Lucy Smith Collier (1925 – 2010), also known as "Little Lucy" Smith, was a gospel singer, pianist, organist, and composer. She led the female gospel group, The Little Lucy Smith Singers, and was a vocalist and accompanist for the Roberta Martin Singers. The granddaughter of Holiness preacher Elder Lucy Smith, she began playing organ at the All Nations Pentecostal Church at age twelve.  Among her more well-known compositions are "Oh My Lord, What a Time", "What a Blessing in Jesus," and "He's my Light," which became a hit for the Roberta Martin Singers.

Early Years
Lucy Smith was born in Chicago in 1925. Her mother, Viola, died when she was two years old, and thereafter, she was raised by her father, Rev. James Austin Smith, and her grandmother, a Holiness Pentecostal minister, Elder Lucy Smith. To distinguish her from her grandmother, she was called "Little Lucy Smith" as a child, a nickname that she would continue to use during her gospel career.

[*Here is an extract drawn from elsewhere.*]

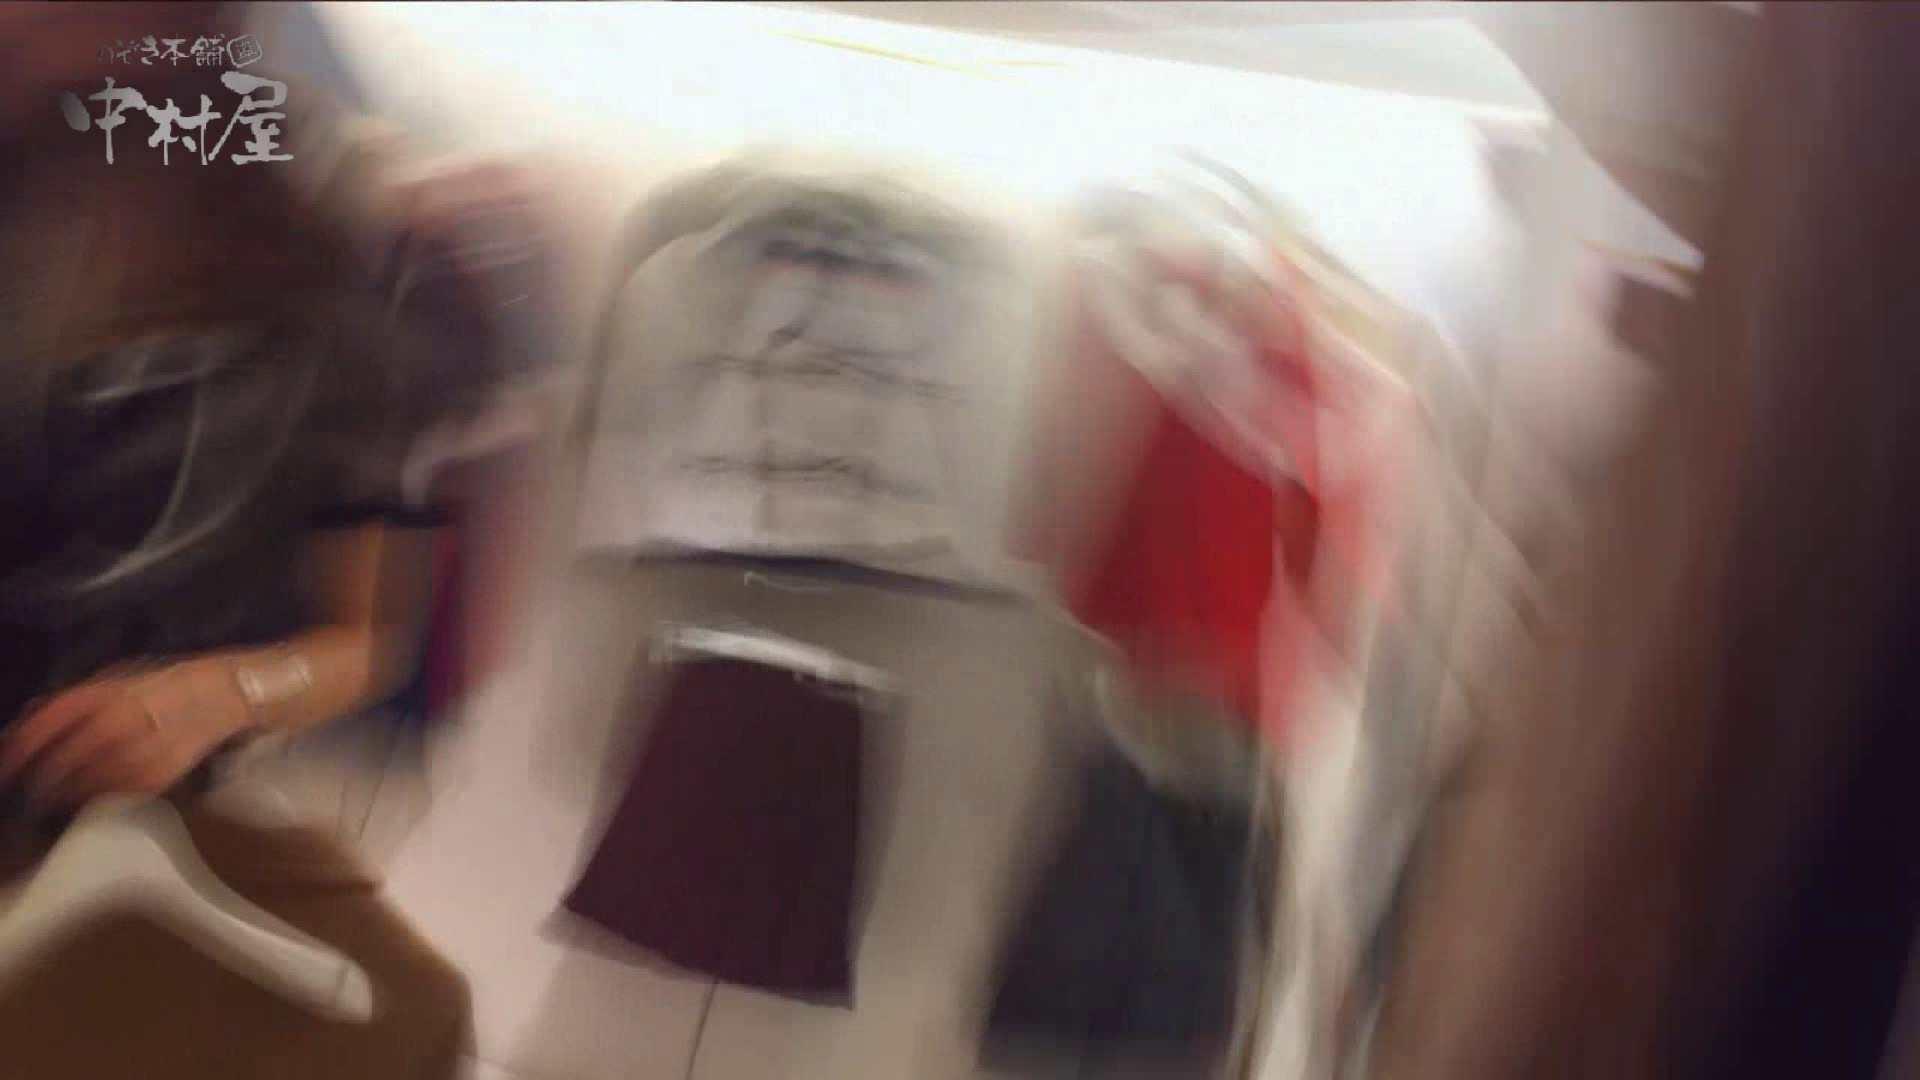 vol.69 美人アパレル胸チラ&パンチラ ストライプパンツみっけ! パンチラ | OLのエロ生活  95連発 11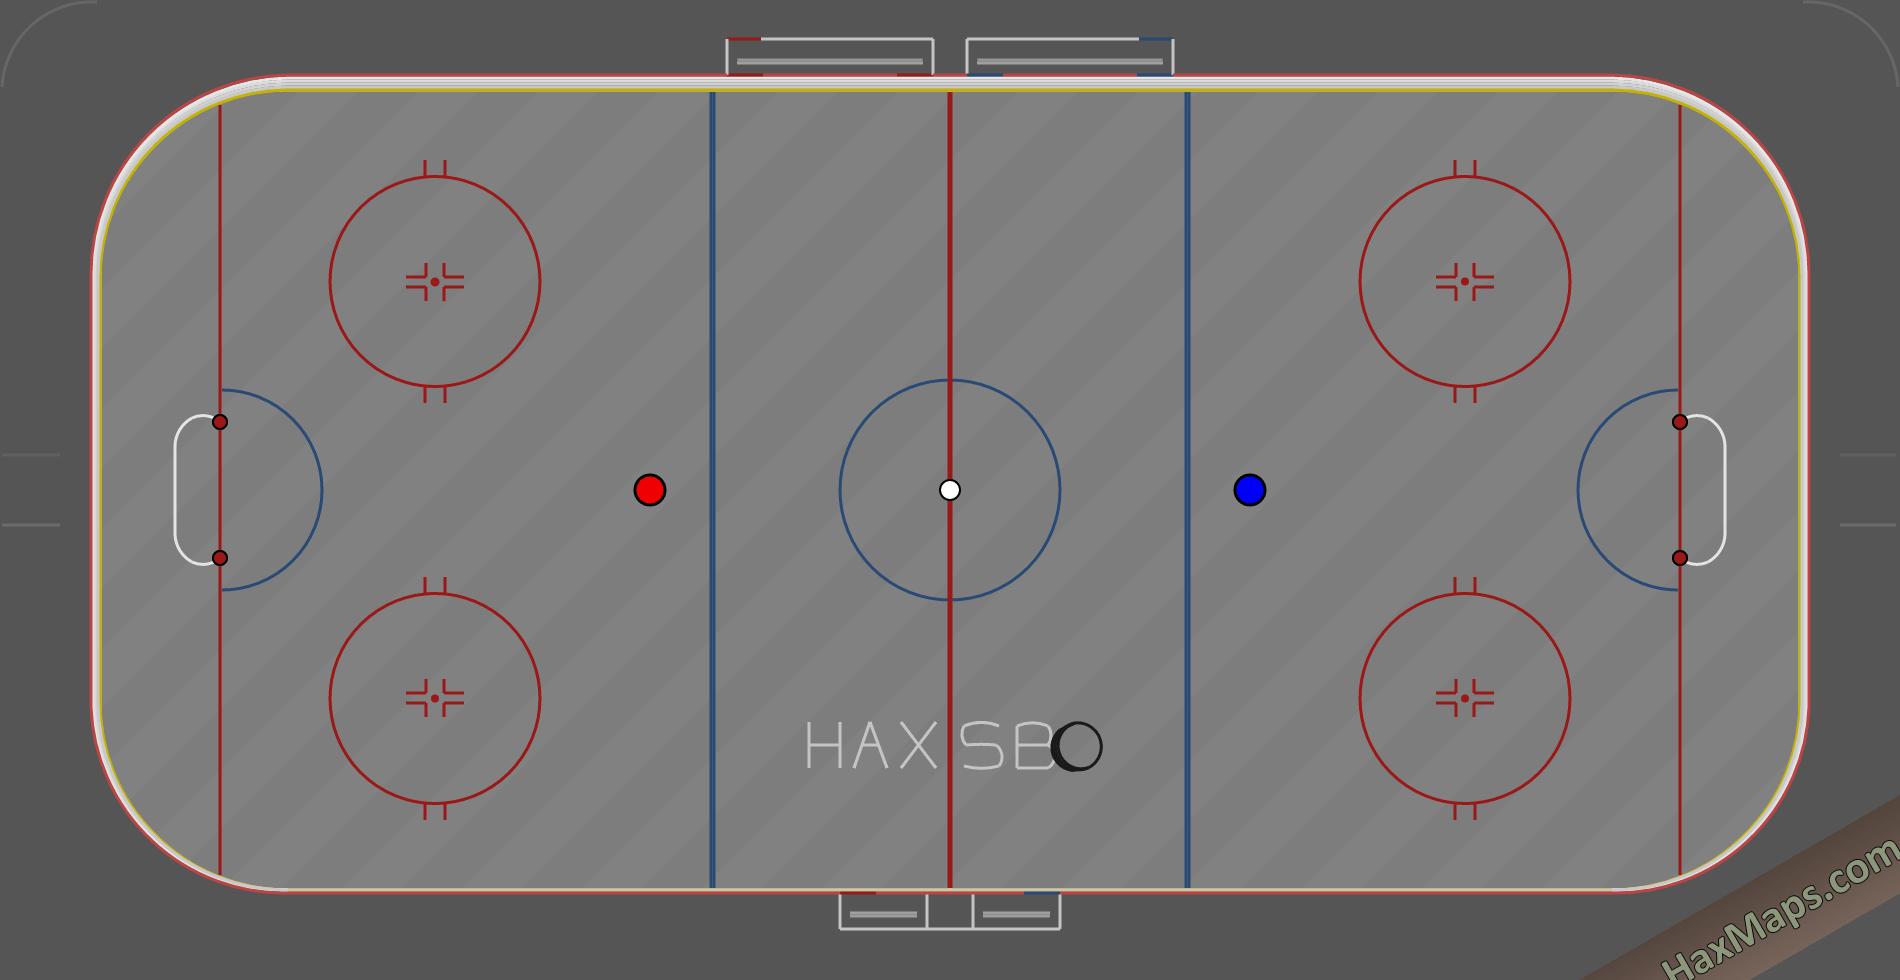 hax ball maps | Spacebounce Hockey NHL HaxSB v2

Little Lucy showed an aptitude for music at an early age, and when she was ten years old, her grandmother sent her to study piano with Roberta Martin, a gospel performer. In two years she had become a skilled gospel accompanist, and at the request of her grandmother, she began playing the organ at her church and directing the music program. Elder Smith, a highly successful preacher and healer, had founded the All Nations Pentecostal Church, the first church ever established in Chicago by a woman pastor.  Little Lucy's skill as an organist helped draw more worshippers to the already popular church. In 1933, the church began broadcasting its worship services on the radio through their "Glorious Church of the Air" program,  becoming one of the first black churches to broadcast its services. Through the radio program, Little Lucy Smith's music was heard by people far beyond the Chicago area.

Recording career
In 1948, Smith published her first original gospel song, “What a Blessing in Jesus I’ve Found."

In her teens, she formed the Lucy Smith Trio, which later became the Little Lucy Smith Singers. She was joined by Catherine Campbell, Gladys Beamon Gregory and Sarah McKissick Simmons. By the mid-1950s, they had gained a significant following; their version of "Somebody Bigger Than You and I" was one of their most popular recordings. They also recorded “Come Unto Me,” “Jesus, Lover of My Soul” and “Down on My Knees.”

In the late 1950s, Little Lucy Smith joined the Roberta Martin Singers. She arranged much of their music, in addition to singing and playing piano and organ.  Her organ playing was very popular and in 1962, she released a solo record of gospel tunes, entitled "Little Lucy Smith at the Organ." She suffered a stroke in her 50s, which ended her professional career as an accompanist. She continued to sing however.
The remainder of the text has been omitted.